I would find this feature very useful as well.
+1
regards,
Peter
--- Nikolai Weibull <[EMAIL PROTECTED]> wrote:
> I'm a firm believer in the nextgroup directive for defining syntaxes.
> It allows you to define grammars, which I really enjoy doing.
> However, one problem is that many languages allow things to appear in
> their input that's not part of the language's grammar. For example,
> many languages allow comments to appear almost anywhere in the input,
> which are stripped out of the input while lexing the input into tokens
> that are then fed to the actual parser.

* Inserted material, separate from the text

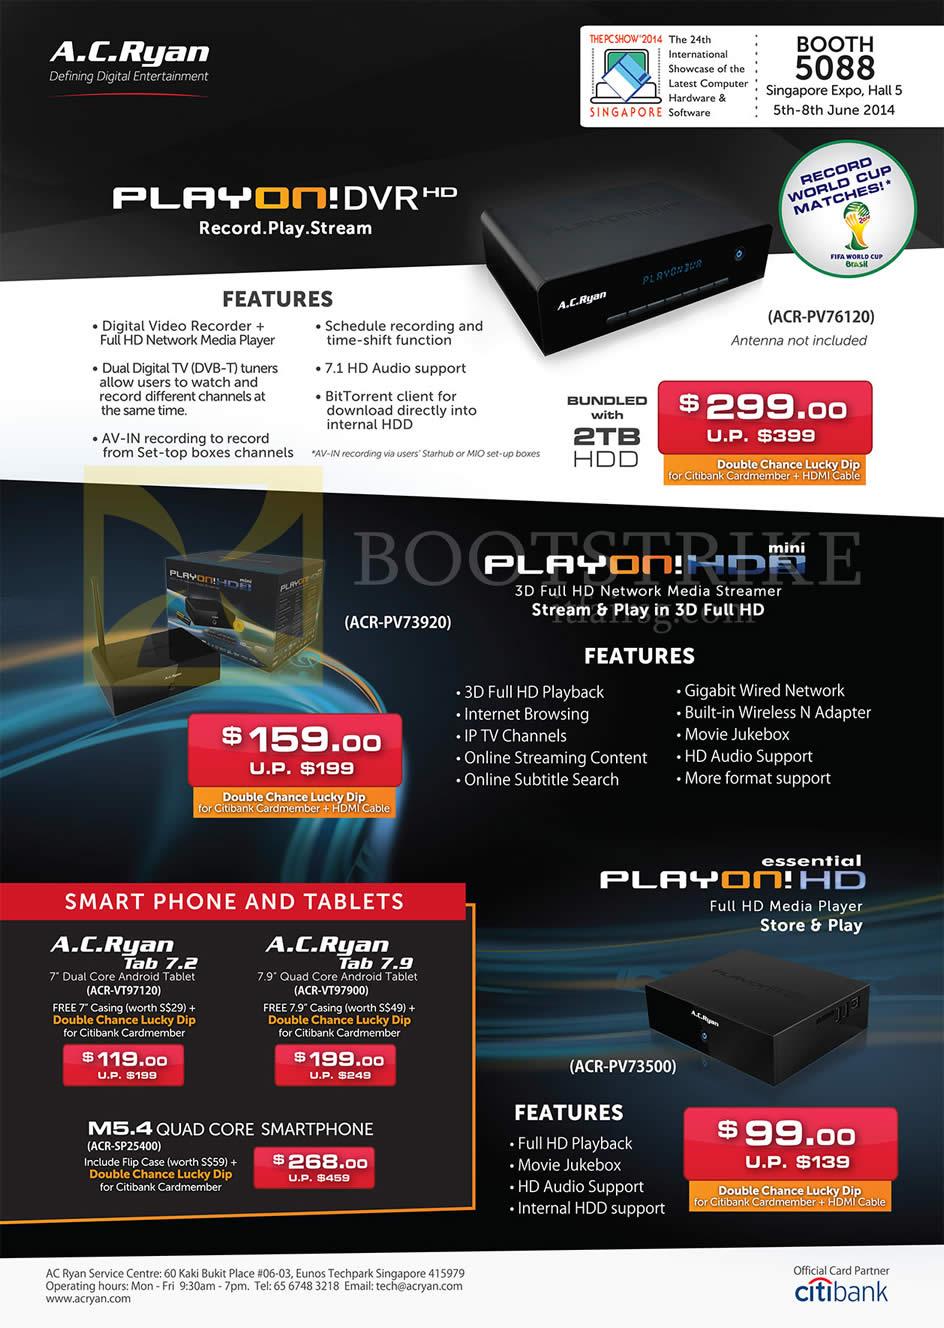 PC SHOW 2014 price list image brochure of AC Ryan PlayOn DVR HD ACR-PV76120 Recorder, Playon HD2 Mini Media Streamer ACR-PV73920, PlayOn HD Essential Media Palyer, Tab 7.2 Tab 7.9, M5.4 Smartphone

Now comments could be a part
> of the grammar, simply being thrown away at that point in the process,
> but it forces you to provide for the possibility of a comment
> appearing basically anywhere between terminals/non-terminals.
>
> Anyway, what I'm actually suggesting is a way to get around this issue
> by adding a new directive to the :syntax command that can be used
> alongside nextgroup to skip certain syntax groups before trying the
> groups defined by nextgroup. This is much like skipwhite, skipnl, and
> skipempty, but for arbitrary syntax groups.
>
> Here's an example of what I intend for it to do:
>
> syn keyword tocTodo
> \ contained
> \ TODO
> \ FIXME
> \ XXX
> \ NOTE
>
> syn match tocComment
> \ contains=tocTodo,@Spell
> \ '//.*$'
>
> syn keyword tocHeaderKeyword
> \ nextgroup=tocCatalogNumber
> \ skip=tocComment
> \ skipwhite
> \ skipempty
> \ CATALOG
>
> syn match tocCatalogNumber
> \ contained
> \ '"\d\{13\}"'
>
> This is a partial grammar that matches comments and the CATALOG
> keyword in the header part of a cdrdao(1) TOC file (yes, I'm writing a
> grammar for such files). Comments begin with a set of slashes and can
> appear anywhere in the file. The CATALOG keyword is followed by a
> (optional, but let's keep it simple for this example) catalog number.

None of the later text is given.